The energy index fell 1.6 percent after rising in each of the last four months. The decline was due to a sharp decrease in the gasoline index; other energy indexes were mixed. The food at home index declined 0.2 percent as four of the six major grocery store food group indexes decreased, while the index for food away from home rose 0.2 percent. [More…]
Investing.com was looking for a 0.1% increase MoM in seasonally adjusted Headline CPI and 0.2% in Core CPI. Year-over-year forecasts were 0.9% for Headline and 2.3% for Core.

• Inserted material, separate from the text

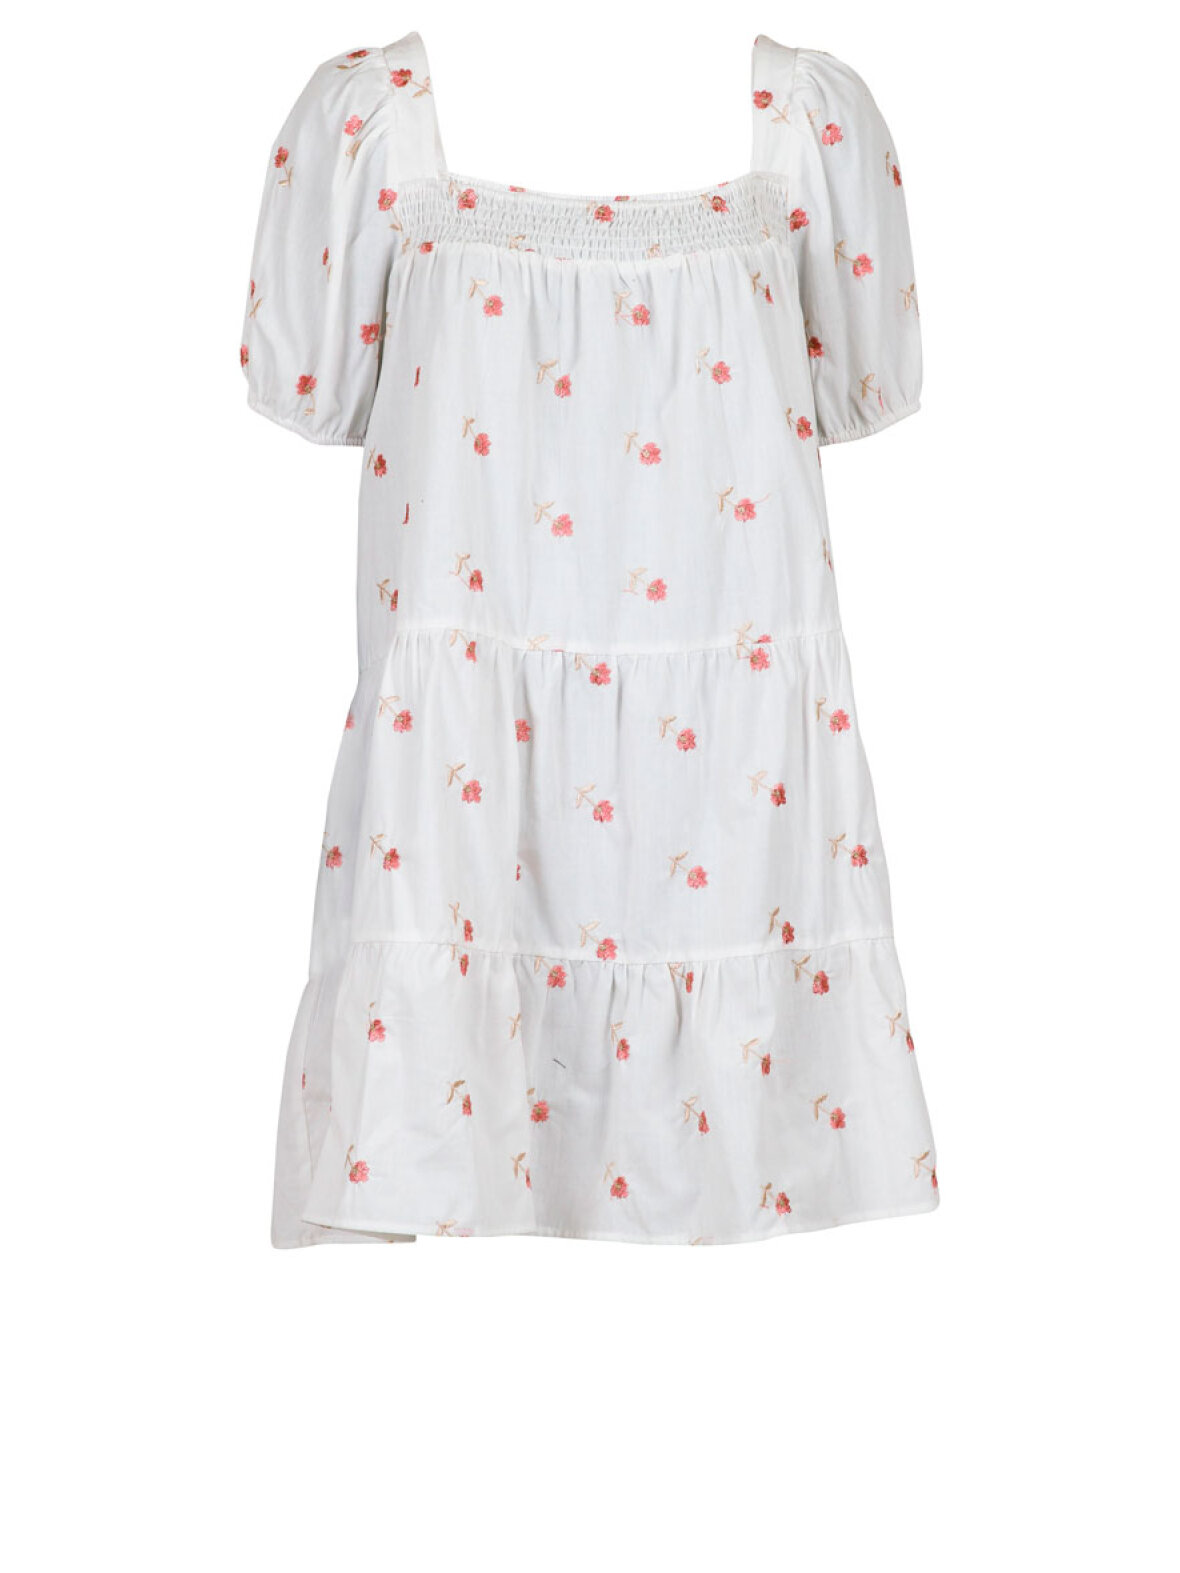 Fordeling Male Fortære A'POKE - Neo Noir Mima Rosy Dress White - Shop hvid blomstret kjole

The first chart is an overlay of Headline CPI and Core CPI (the latter excludes Food and Energy) since the turn of the century. The highlighted two percent level is the Federal Reserve's Core inflation target for the CPI's cousin index, the BEA's Personal Consumptions Expenditures (PCE) price index.
The next chart shows both series since 1957, which was the first time the government began tracking Core Inflation.
In the wake of the Great Recession, two percent has been the Fed's target for core inflation. However, at their December 2012 FOMC meeting, the inflation ceiling was raised to 2.5% while their accommodative measures (low Fed Funds Rate and quantitative easing) were in place. They have since reverted to the two percent target in their various FOMC documents.
Federal Reserve policy, which in recent history has focused on core inflation measured by the core PCE Price Index, will see that the more familiar core CPI is above the PCE target range of 2 percent.